2. One issue with this model is that we need the non drone-drone forces to have mean zero in our training dataset: \begin{align*} \mathbf{f}_{\text{ext}}^{(i)} = \underbrace{\phi^{\star}\left( \bigcup_{j \in \mathcal{N}^{(i)}} \mathbf{x}^{(i)} - \mathbf{x}^{(j)}\right)}_{\text{drone-drone forces}} + \underbrace{\boldsymbol{\varepsilon}}_{\text{other forces}}, \quad \mathbb{E}[\boldsymbol{\varepsilon}] = \mathbf{0}. \end{align*}
## Simulation Results
We visualize the curriculum learning procedure. As we iteratively augment our training dataset, the learned force function should get more and more accurate.
Here, we are learning the force in the 'd' direction, $\mathbf{f}_z$, as a function of the two drones' relative position.
### Learned Force Function
#### Stage 1 ($\Delta p = -2m$)

Force estimates are very small for $\Delta p > -2m$. Suggests we need more training data to accurately learn the (true) force function.
However, we can fly our drone accurately at $\Delta p = -2m$ (see video Jan sent).
#### Stage 2 ($\Delta p = -1.5m$)

#### Stage 3 ($\Delta p = -1m$)

#### Stage 4 ($\Delta p = -0.5m$)



What is the issue with our previous training procedure? We use the mean-square error.
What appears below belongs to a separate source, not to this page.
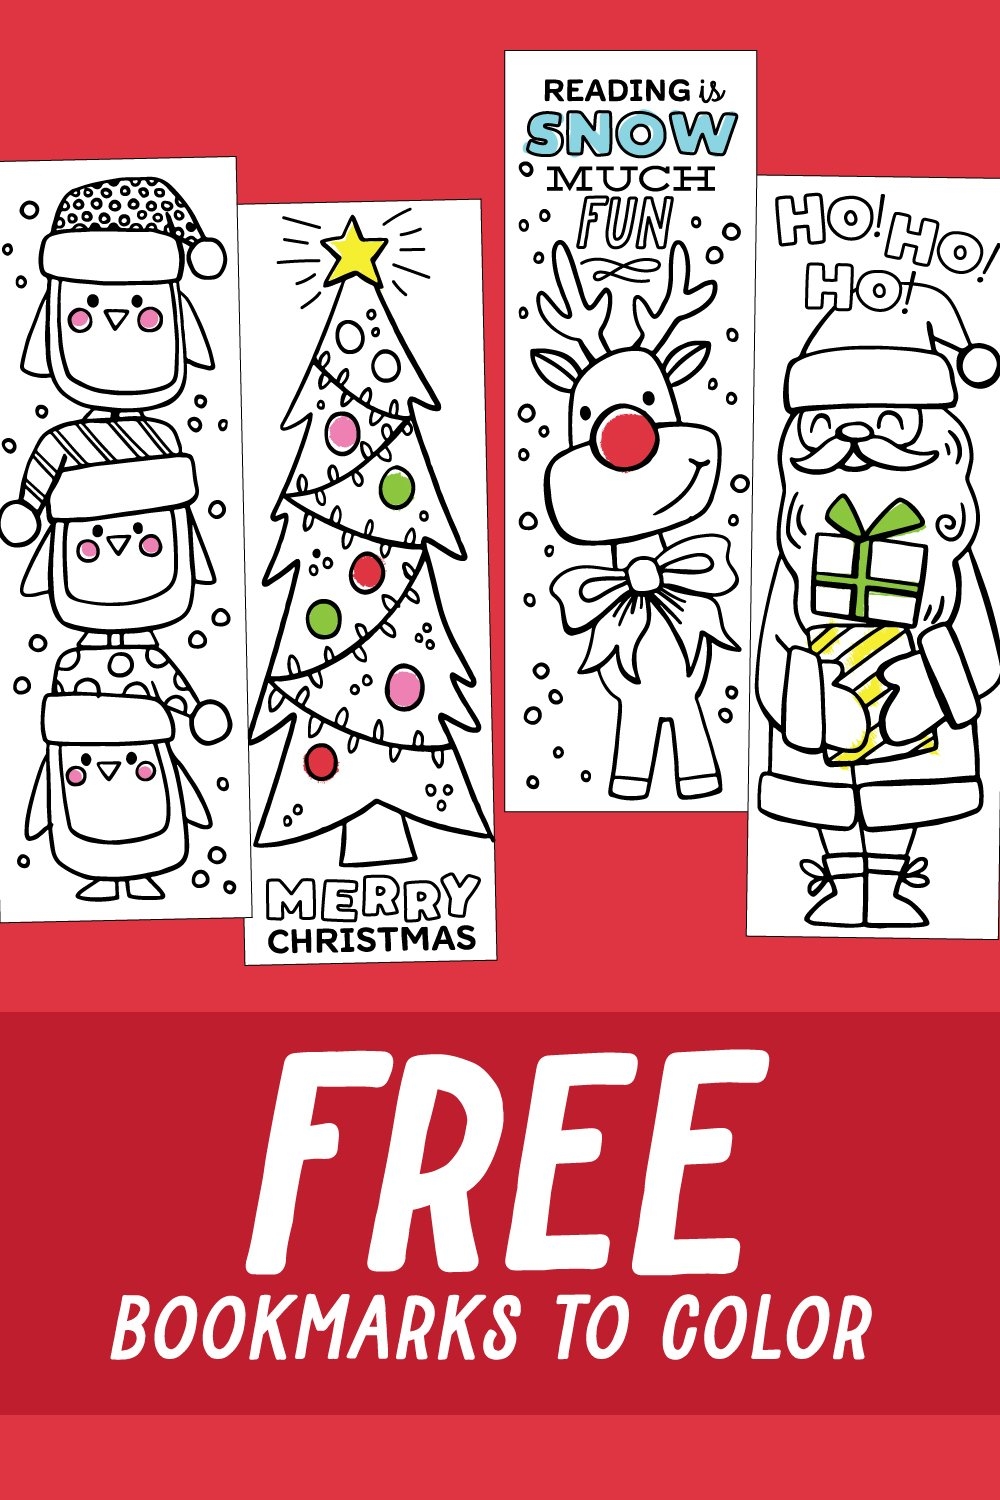 Free Christmas Coloring Bookmarks Jessie Steury - Free Printable Bookmarks For Christmas
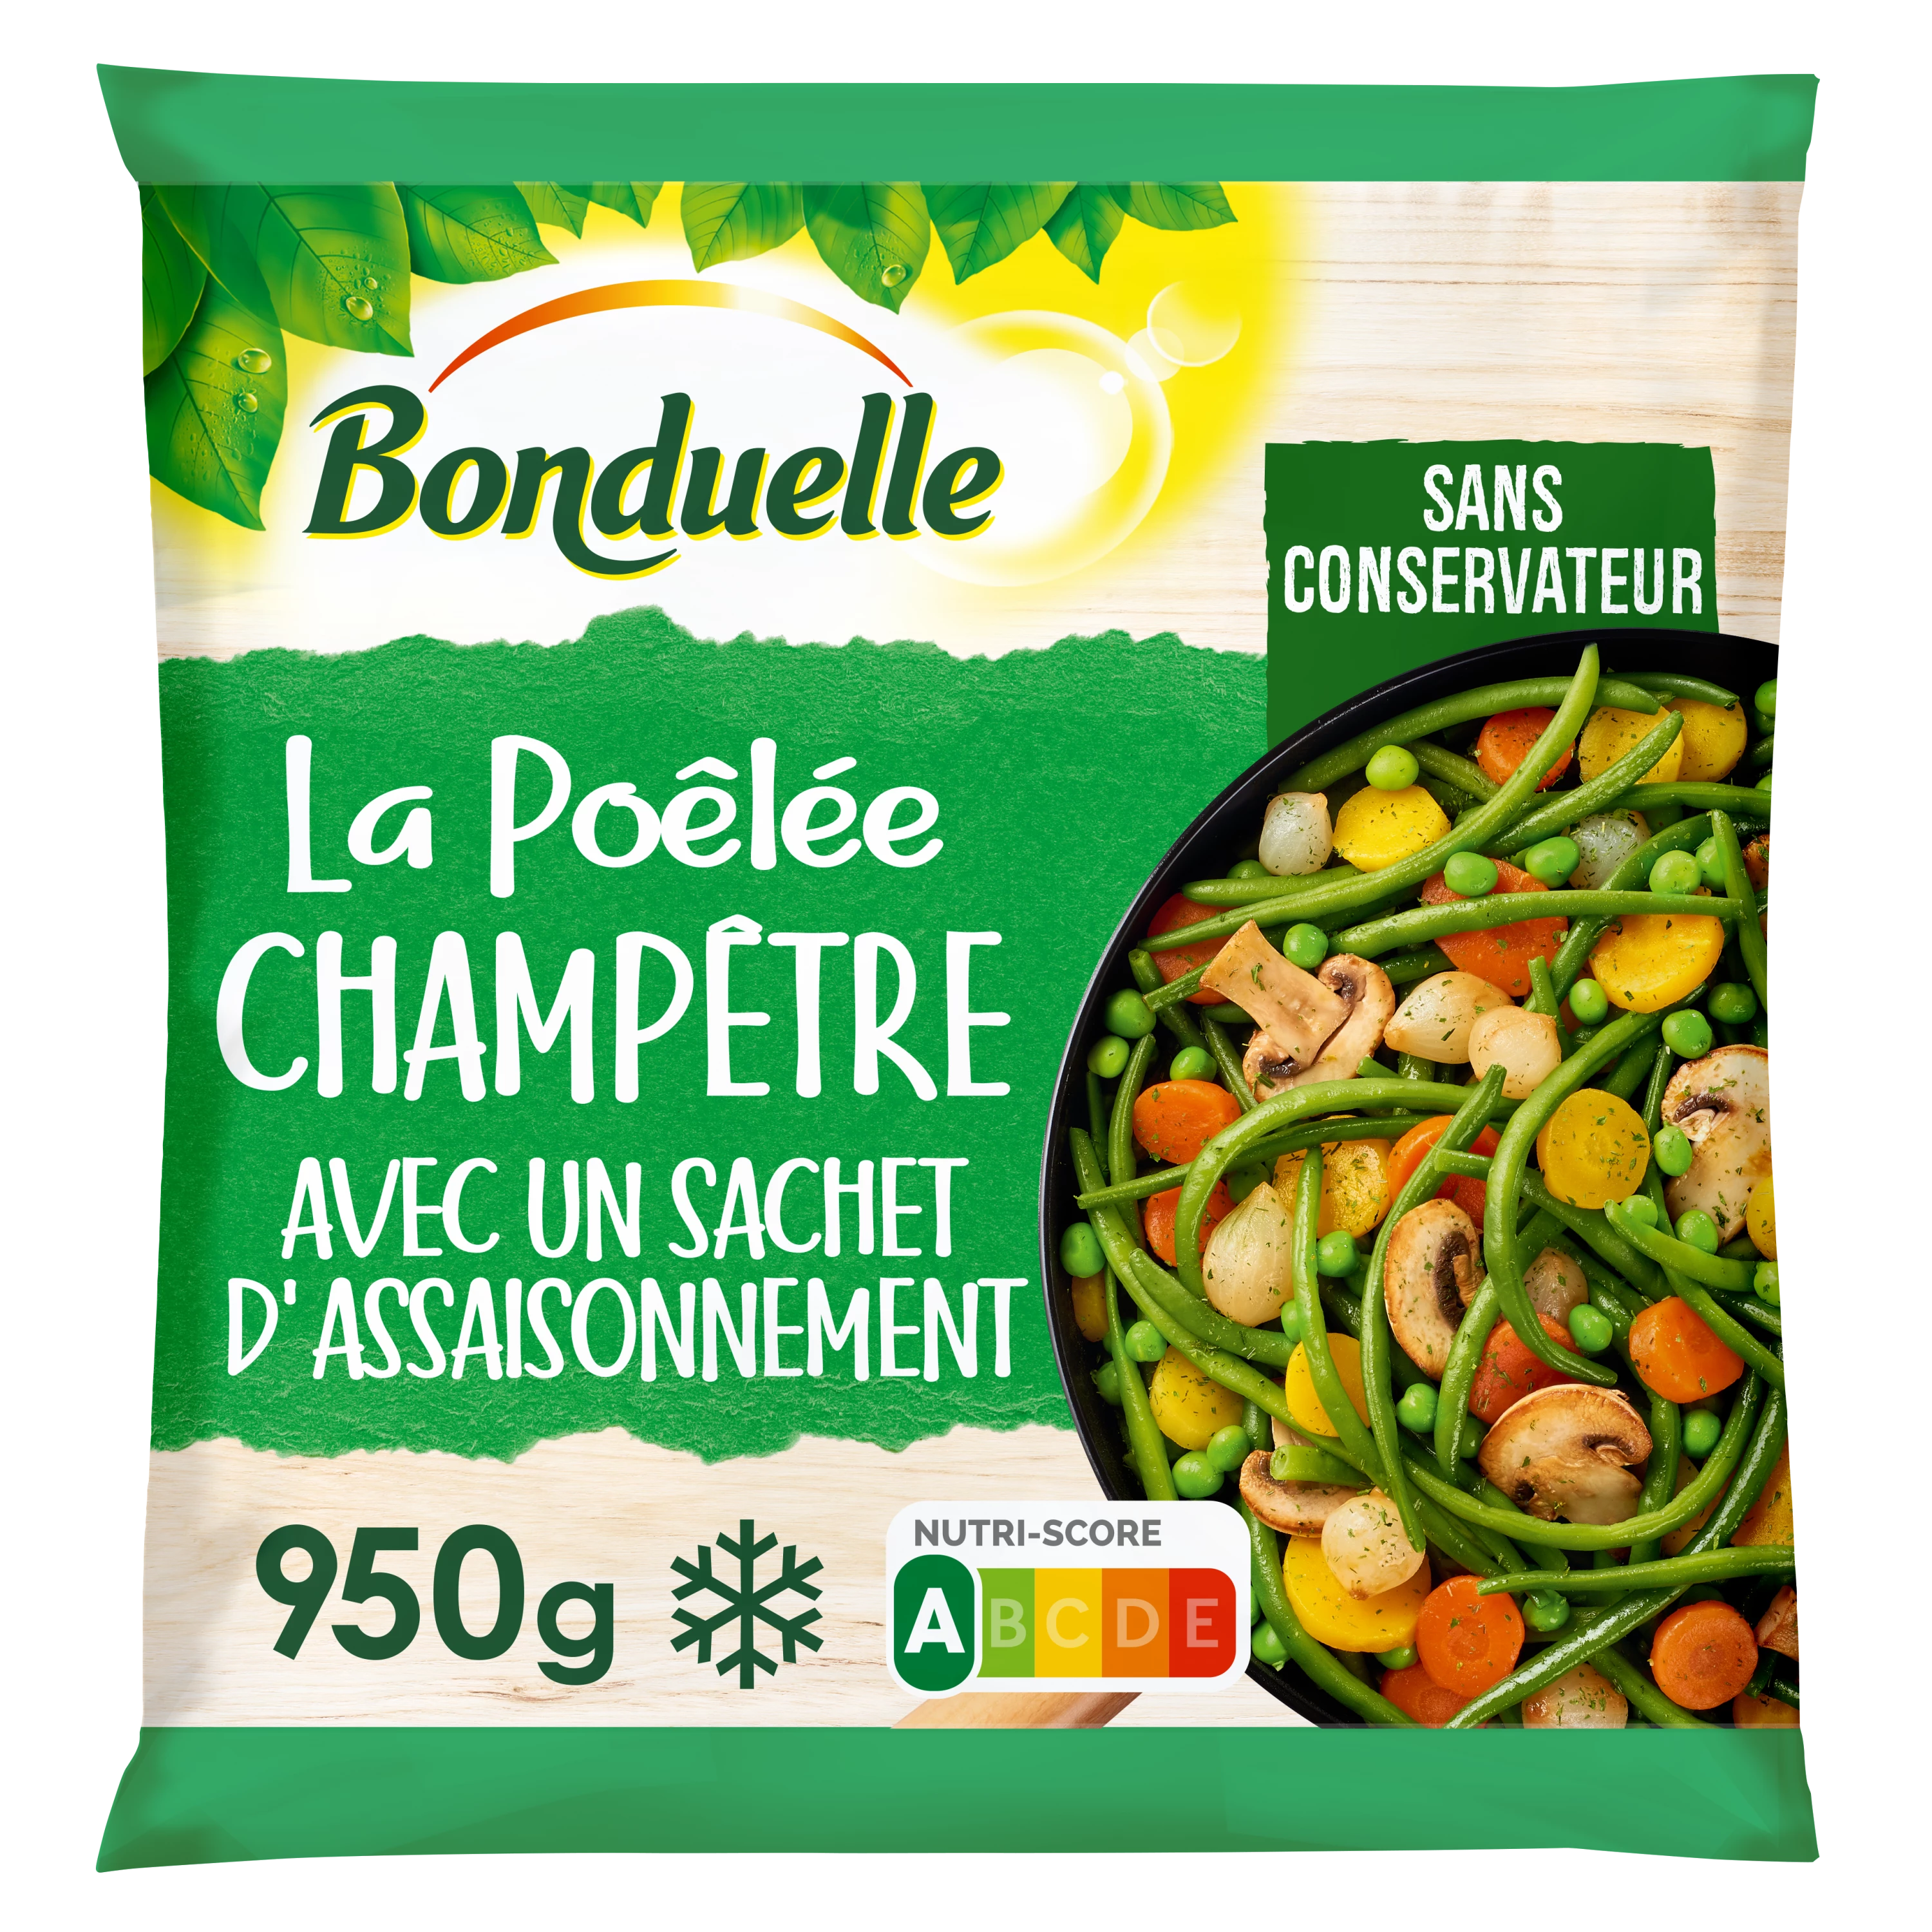 Poelee Champetre 950g

This implies that we give more weight to accurately predicting large forces.
Instead, try using the loss function
\begin{align*}
L(\theta) :=\sum_{t=1}^T \sum_{i=1}^N \frac{1}{\left\Vert \mathbf{f}_t^{(i)} \right\Vert_2}\left\Vert \phi_{\theta}\left( \bigcup_{j \in \mathcal{N}_t^{(i)}} \mathbf{x}_t^{(j)} - \mathbf{x}_t^{(i)} \mathbf{}\right) - \mathbf{f}_t^{(i)}\right\Vert_2
\end{align*}
where $N$ is the number of drones and $t$ is the number of training samples. The important thing is that we are normalizing by the $\ell^2$ norm of the force labels $\mathbf{f}_t^{(i)}$.






## Force Compensation Model (Deployed in Simulation)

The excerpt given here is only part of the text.